No me sorprendió. Durante todas nuestras entrevistas, Diana no había sido capaz de recordar un solo diálogo entre ella y nadie de su familia. Nada más que generalidades y fórmulas de cortesía. El mundo podía explotar a su alrededor sin que ella perdiese los estribos. Y lo mismo se podía decir del resto de su vida. Ella no hablaba con ninguna persona, más allá de las formalidades de la vida social. A veces, según me dijo, le confesaba algunas preocupaciones a su médico, y eso era lo más lejos que llegaba. No tenía amigas ni amigos ni novios con los que compartiese penas, confidencias o alegrías, porque su mundo era perfecto y no tenía espacio para ese tipo de tonterías. Si yo le preguntaba por sus sentimientos, ella respondía con una lista de ocasiones sociales, eventos, recepciones: galas de soledad.

– Escuche, Diana -traté de explicar-, el libro que tenemos entre manos es muy distinto del que habíamos planeado. Los recuerdos de usted van por un lado, y la historia de su familia, por otro. Para escribir unas memorias coherentes y profundas, como quiere Jesús Gómez, vamos a tener que hablar de política. No sólo necesito sus anécdotas. Son fundamentales sus opiniones sobre las cosas que ocurrían en el mundo.

Ella meditó unos minutos y respondió:

– Conocí a Jacqueline Kennedy, ¿eso sirve? Ella estuvo casada con un político. Pero cuando yo la conocí, ya estaba casada con Onassis. Fue durante un viaje por las islas griegas. Yo iba en el yate de la hija del duque de Marlborough y, en un momento, ella señaló una isla cerca de donde estábamos. Dijo que era Skorpios, la isla de Onassis. Y le comenté que Jackie era mi vecina, y que vivía en el mismo edificio que yo en la Quinta Avenida. «Una pesada», sentenció la duquesa, y despachó el tema con una mueca de cansancio. Luego dio orden al maquinista de acelerar, no fuera a ser que nos cruzásemos con el yate de esa mujer, a la que consideraba francamente insoportable.

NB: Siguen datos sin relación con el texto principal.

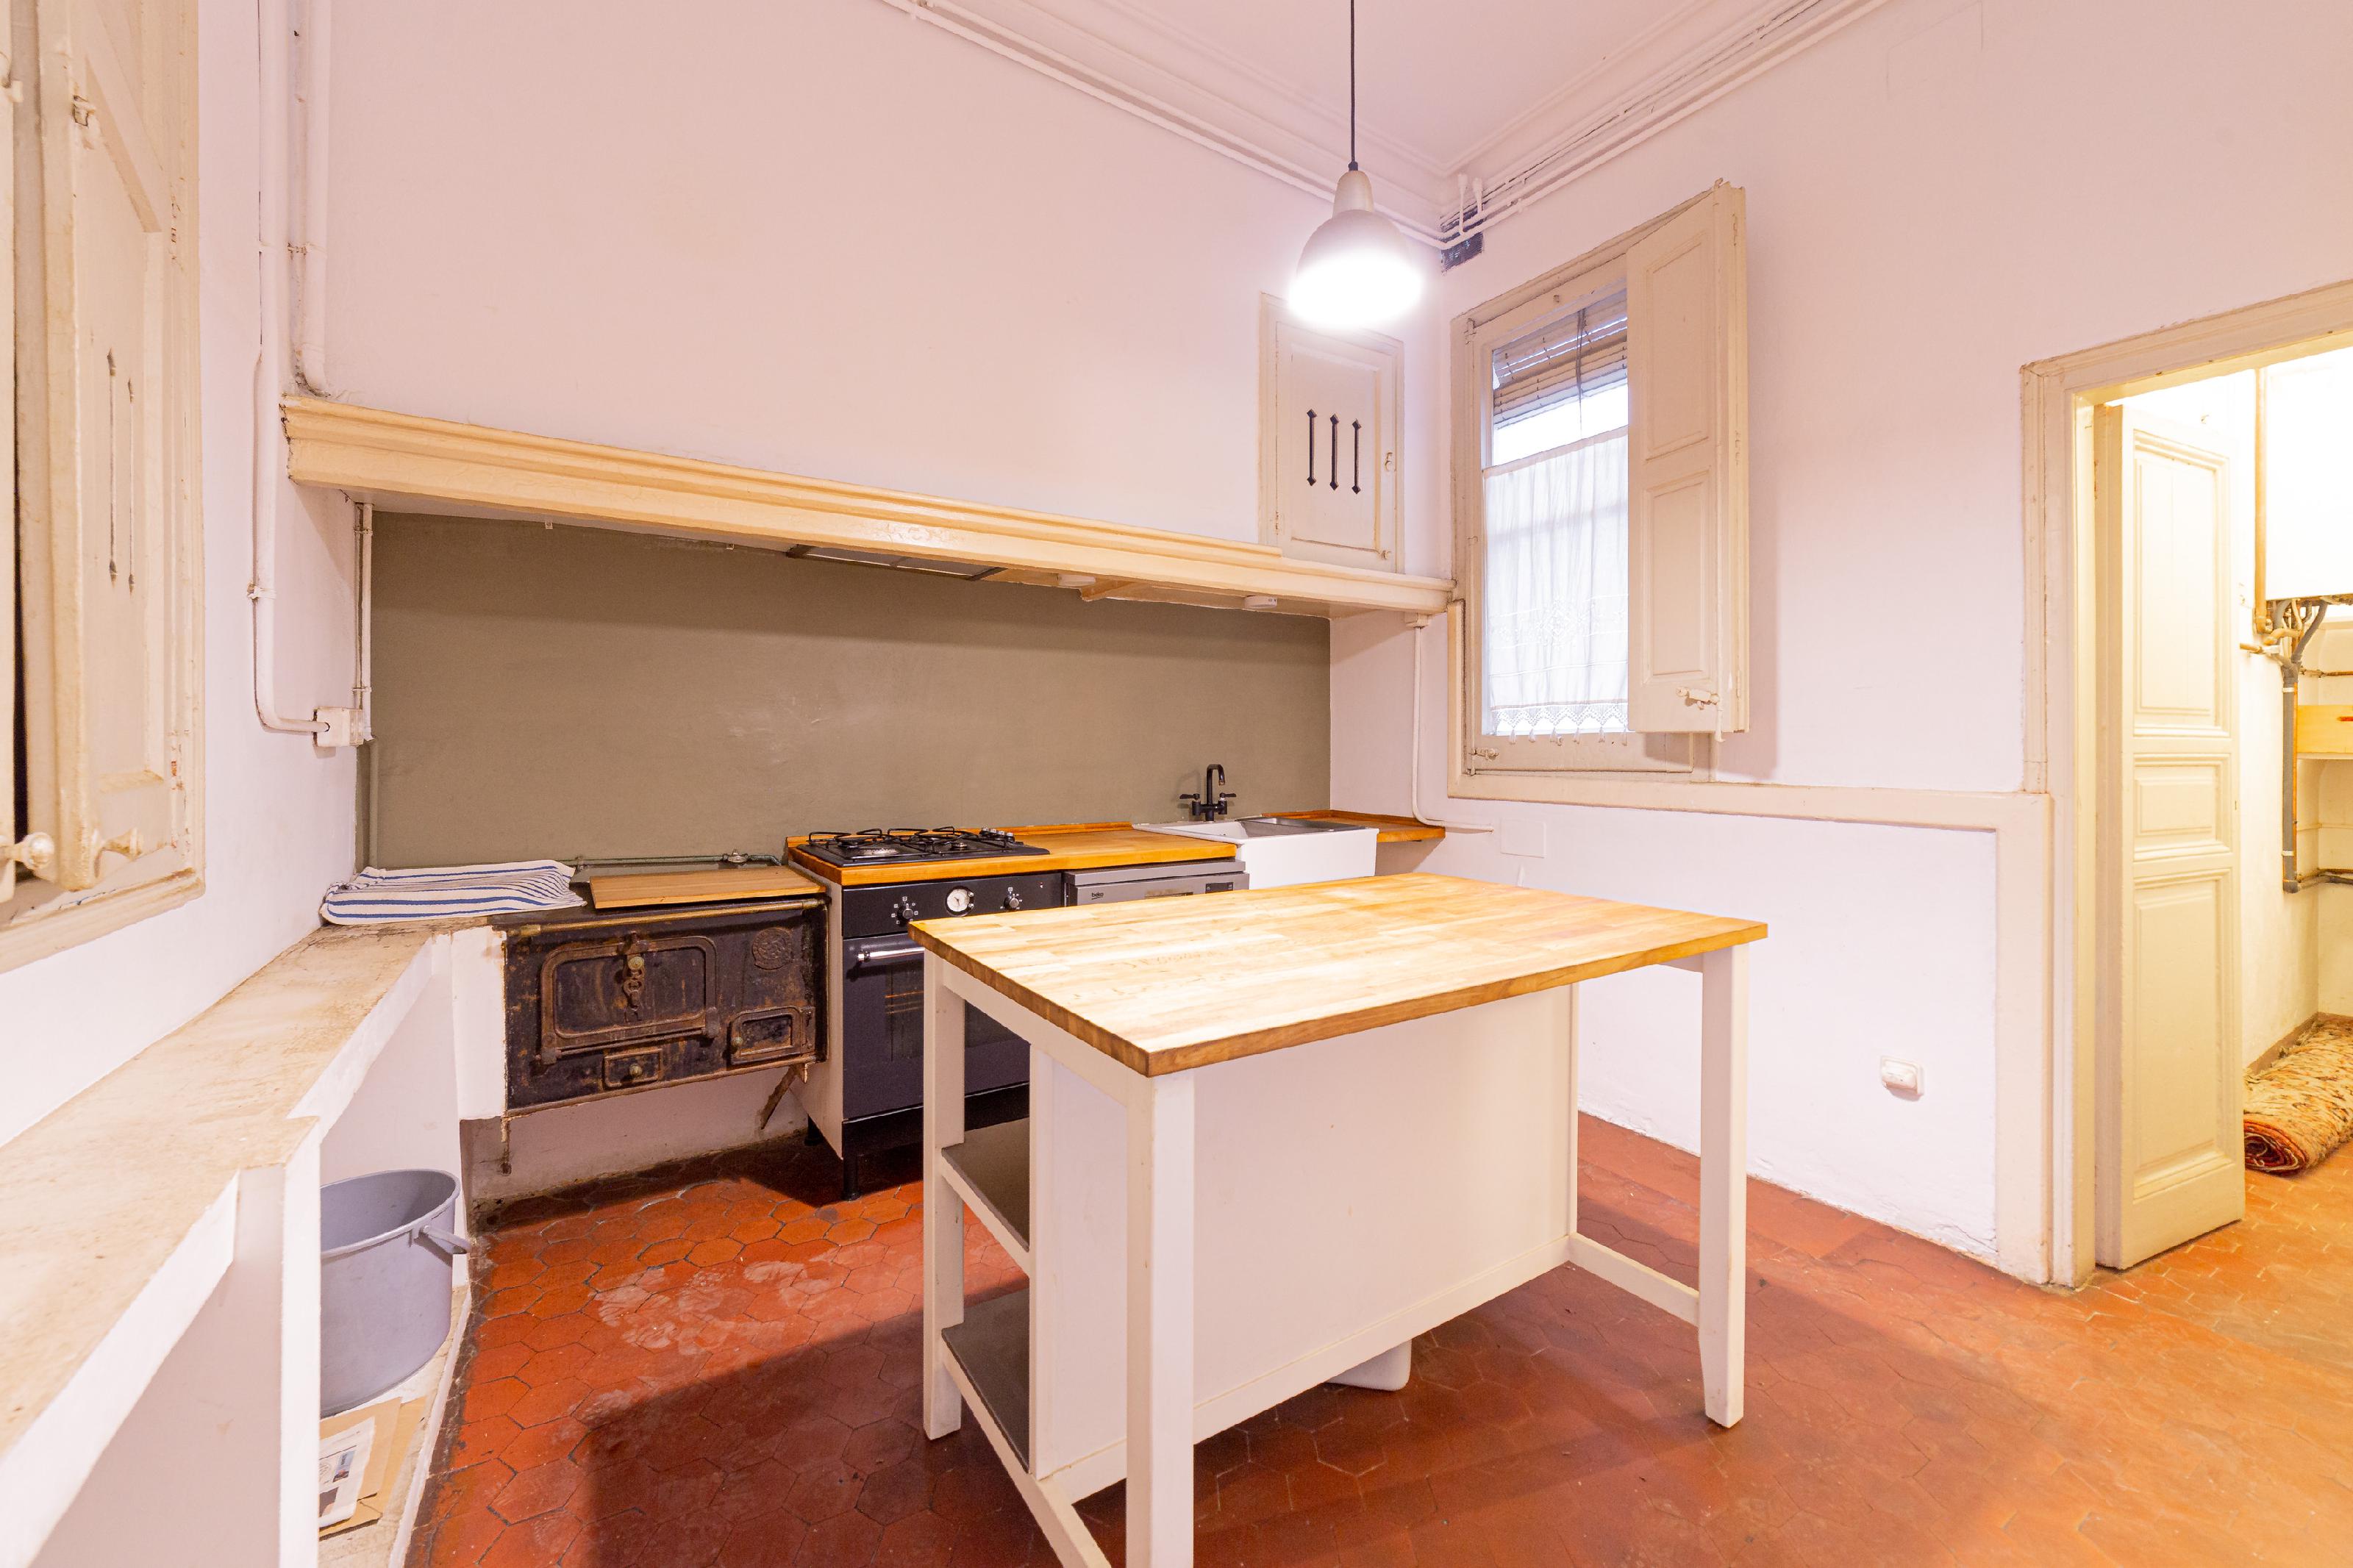 273416 Flat for sale in Eixample, Old Esquerre Eixample 3
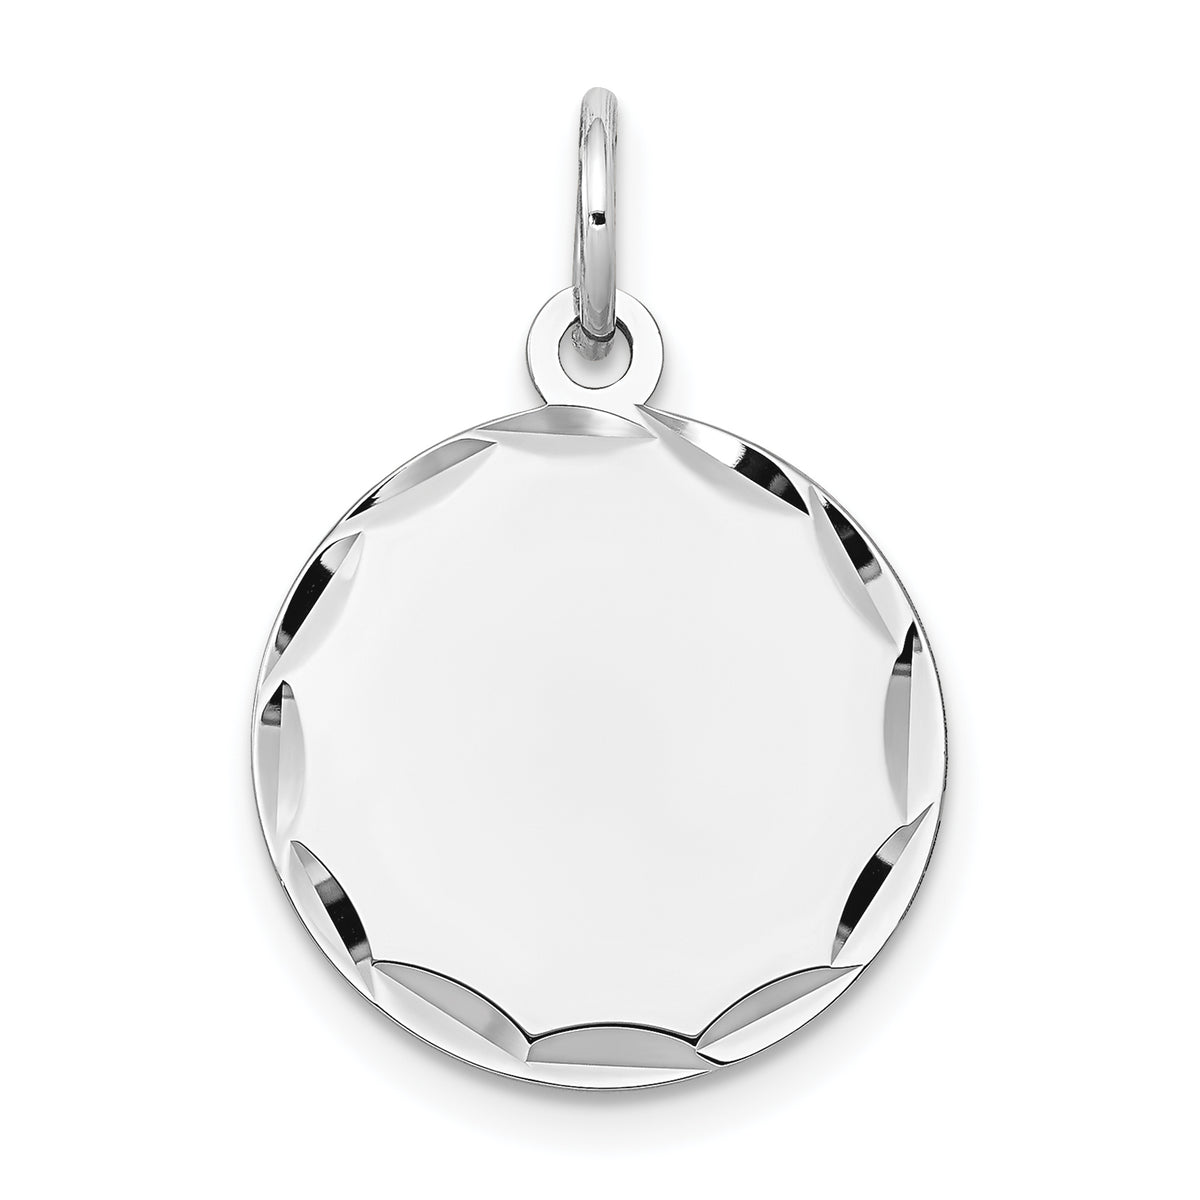 14K White Gold Etched .013 Gauge Engraveable Round Disc Charm

Comprendí que esa historia no llevaría a ninguna parte. Daba igual. Diana estaba perdida en sus recuerdos, feliz en su mundo de islas griegas y grandes apellidos, incapaz de detenerse.

– Pero nuestro maquinista era un amigo de mi anfitriona que no tenía idea de barcos, y terminamos encallando en Skorpios. Como era inevitable, pedimos ayuda a la isla. Y llegó a nuestro lado su barco, el Christina. Cuando mi amiga vio que Jackie estaba a bordo, corrió a maquillarse y ponerse simpática para la «pesada». Hay que ver qué mujer hipócrita. Debo decir que Jacqueline fue muy amable con nosotros. Casi demasiado. Se puso la misma sonrisa que usaba para las recepciones diplomáticas, la grande, la única. A mí me inspira desconfianza la gente que sonríe de más, simplemente porque no es necesario y los músculos faciales no dan para tanto. En todo caso, lo que más me llamó la atención del Christina fueron los taburetes del bar. Estaban tapizados con prepucio de ballena.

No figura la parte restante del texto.